Start of Block

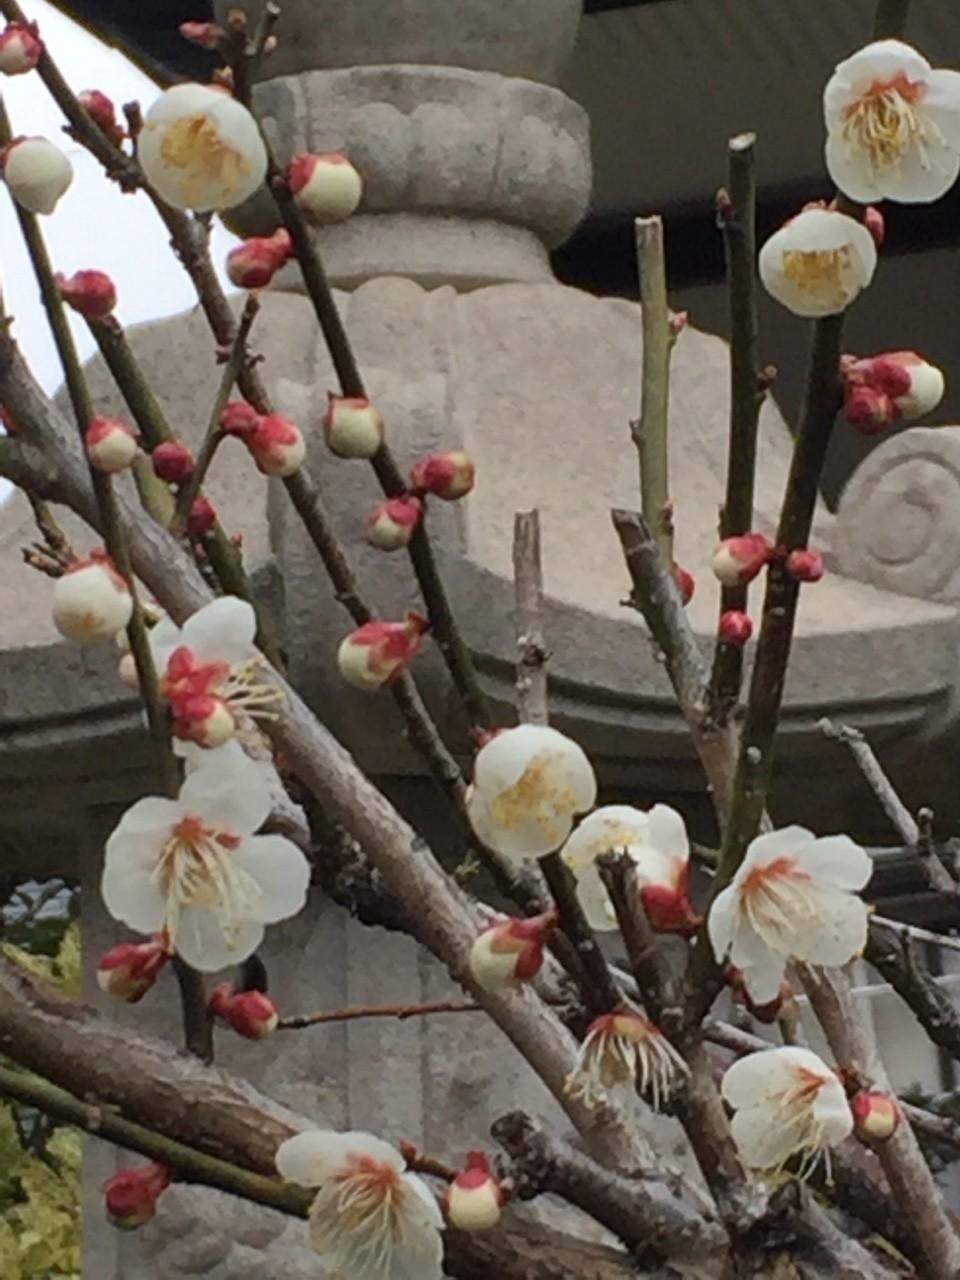 梅は岐阜県美濃地方はもう見頃でしょうね。 今週いっぱいはほとんど雨みたいだから、雨と梅見るにはいいかも♪ と、勝手にウキウキしてます。  またウグイスや変わった鳥の声が聞けたらいいな。  ウグイスや変わった鳥の鳴き声は、梅や桜の木の近くでよく聞くのですが、梅は近所のお宅にちらほら植えてあるのを見るぐらいで、桜並木ならぬ『梅並木』って見たことないな〜と、ふと思いました。 桜は木曽川に近い地域ならよく見るのにw ちょっと探してみようかな。
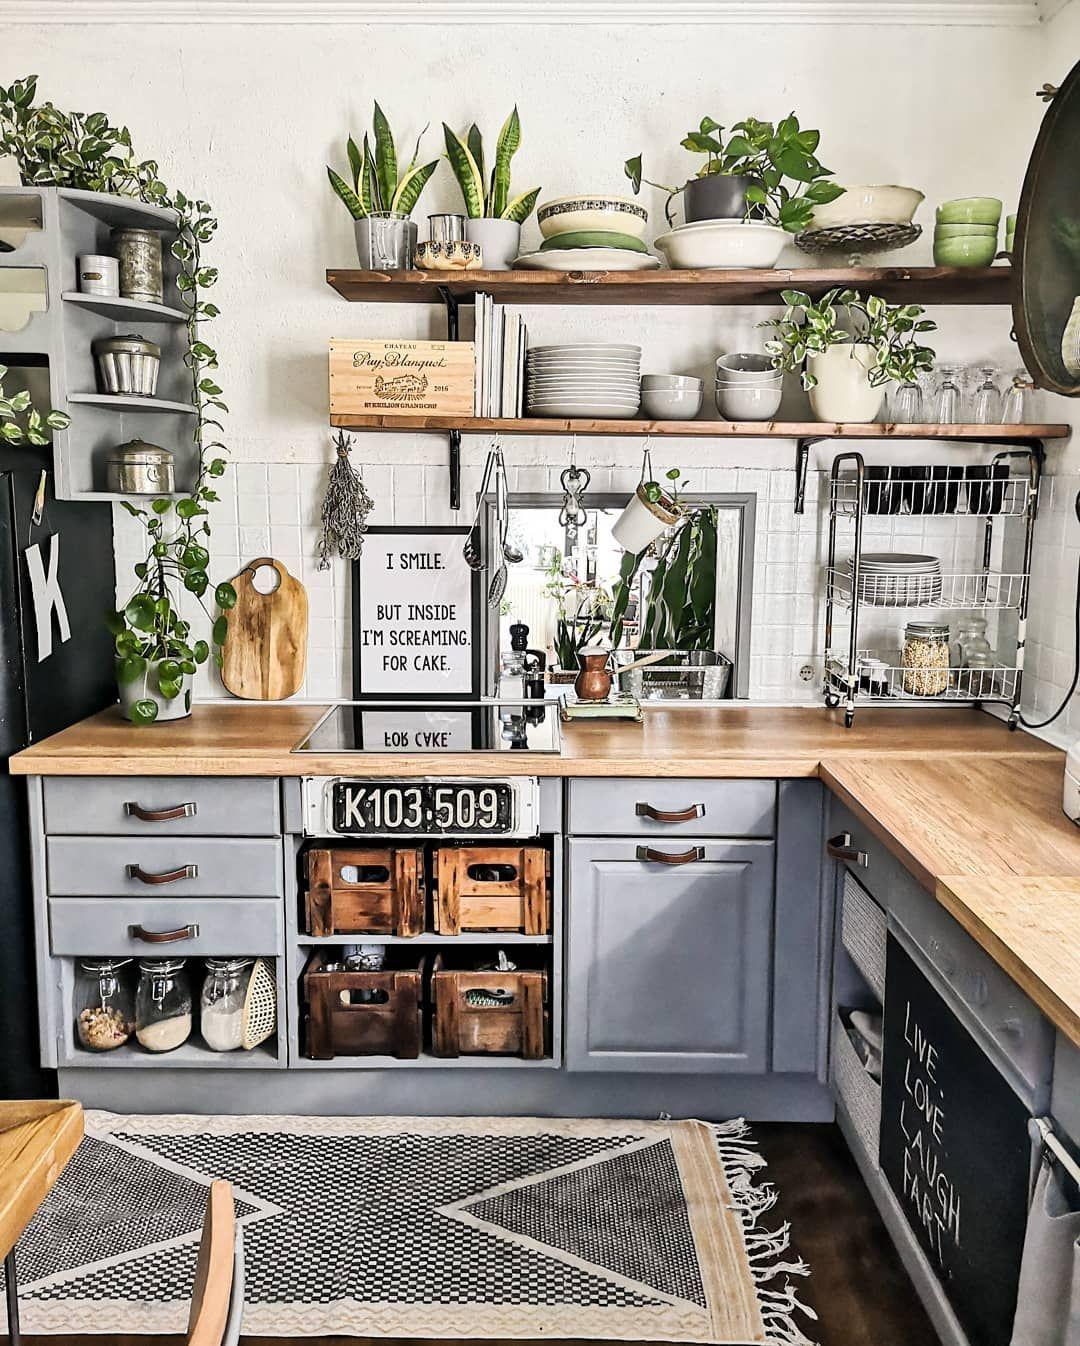 Werbung...   Haus küchen, Wohnung küche, Küche loft
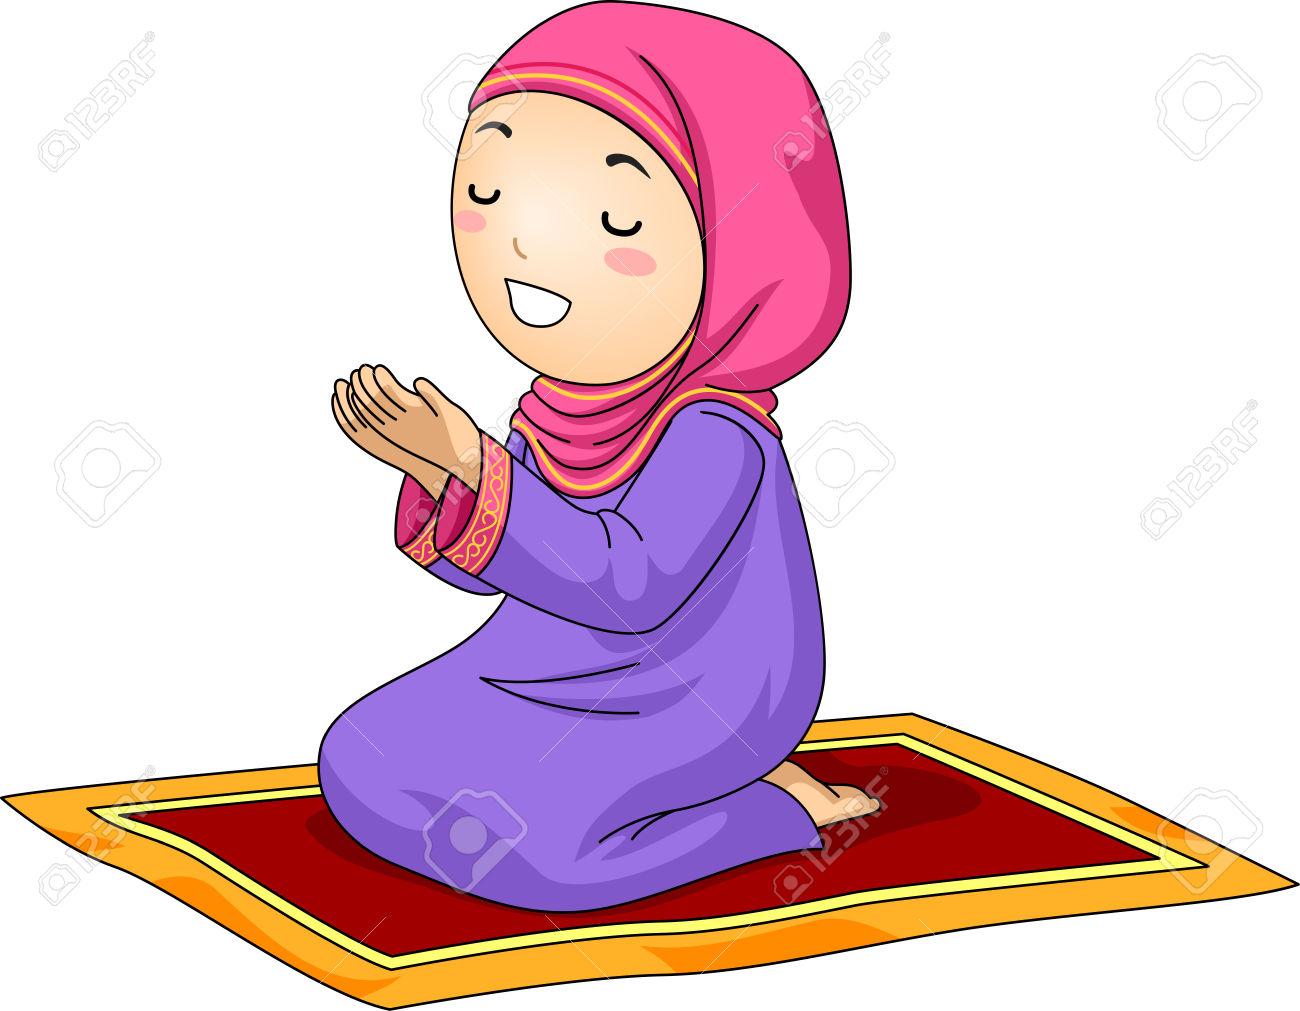 بالصور تفسير حلم الصلاة للمتزوجة , معنى رؤيا الصلاة بالمنام 551 1
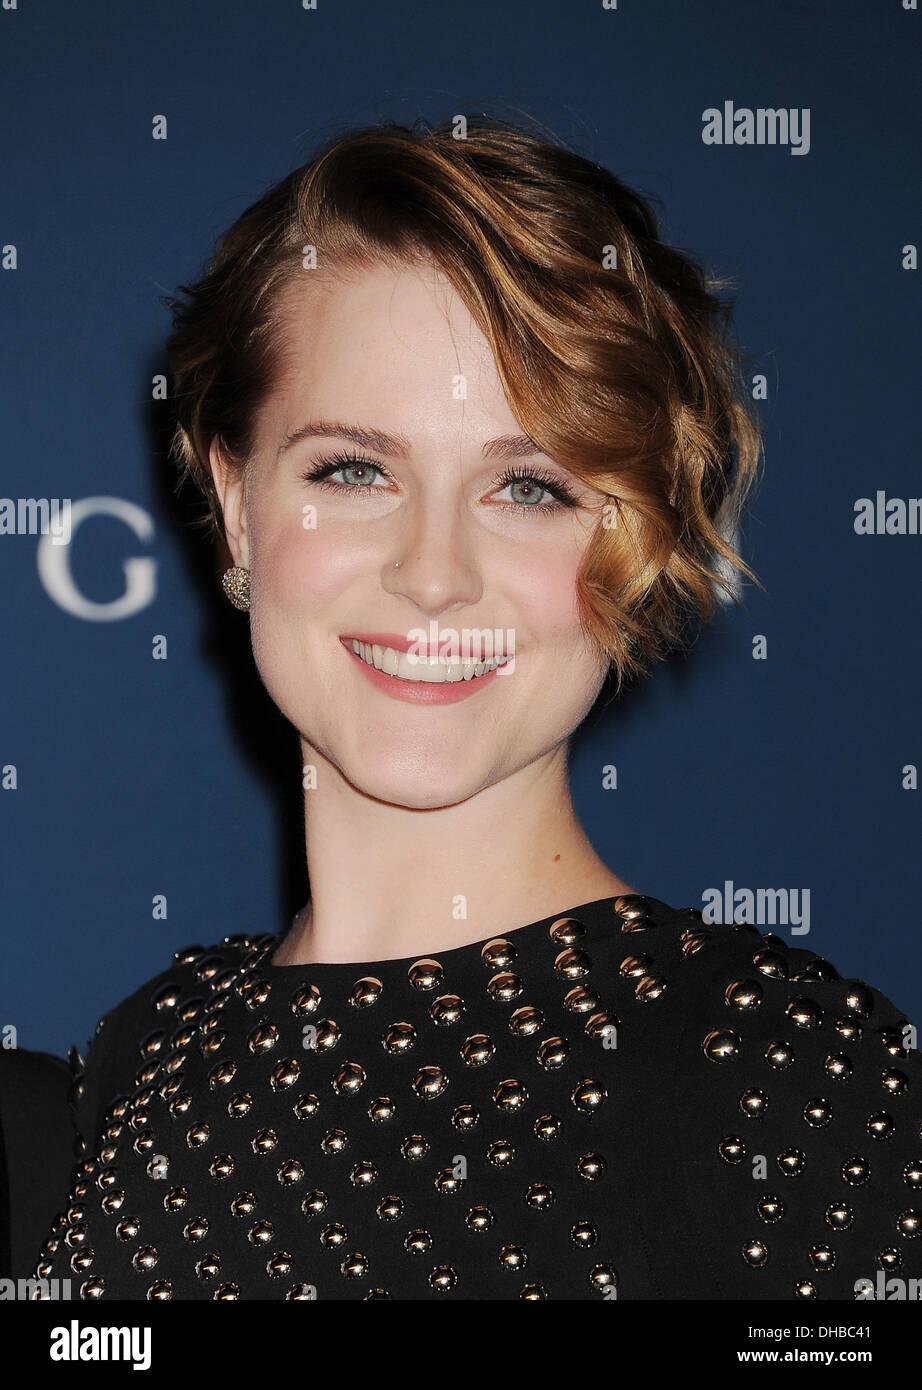 EVAN RACHEL WOOD US film actress in November 2013. Photo Jeffrey Mayer - Stock Image

End of Block

Could you write out every line above exactly as it stands, with no images?

TASK SOLUTION:
 梅は岐阜県美濃地方はもう見頃でしょうね。 今週いっぱいはほとんど雨みたいだから、雨と梅見るにはいいかも♪ と、勝手にウキウキしてます。  またウグイスや変わった鳥の声が聞けたらいいな。  ウグイスや変わった鳥の鳴き声は、梅や桜の木の近くでよく聞くのですが、梅は近所のお宅にちらほら植えてあるのを見るぐらいで、桜並木ならぬ『梅並木』って見たことないな〜と、ふと思いました。 桜は木曽川に近い地域ならよく見るのにw ちょっと探してみようかな。
 Werbung...   Haus küchen, Wohnung küche, Küche loft
 بالصور تفسير حلم الصلاة للمتزوجة , معنى رؤيا الصلاة بالمنام 551 1
 EVAN RACHEL WOOD US film actress in November 2013. Photo Jeffrey Mayer - Stock Image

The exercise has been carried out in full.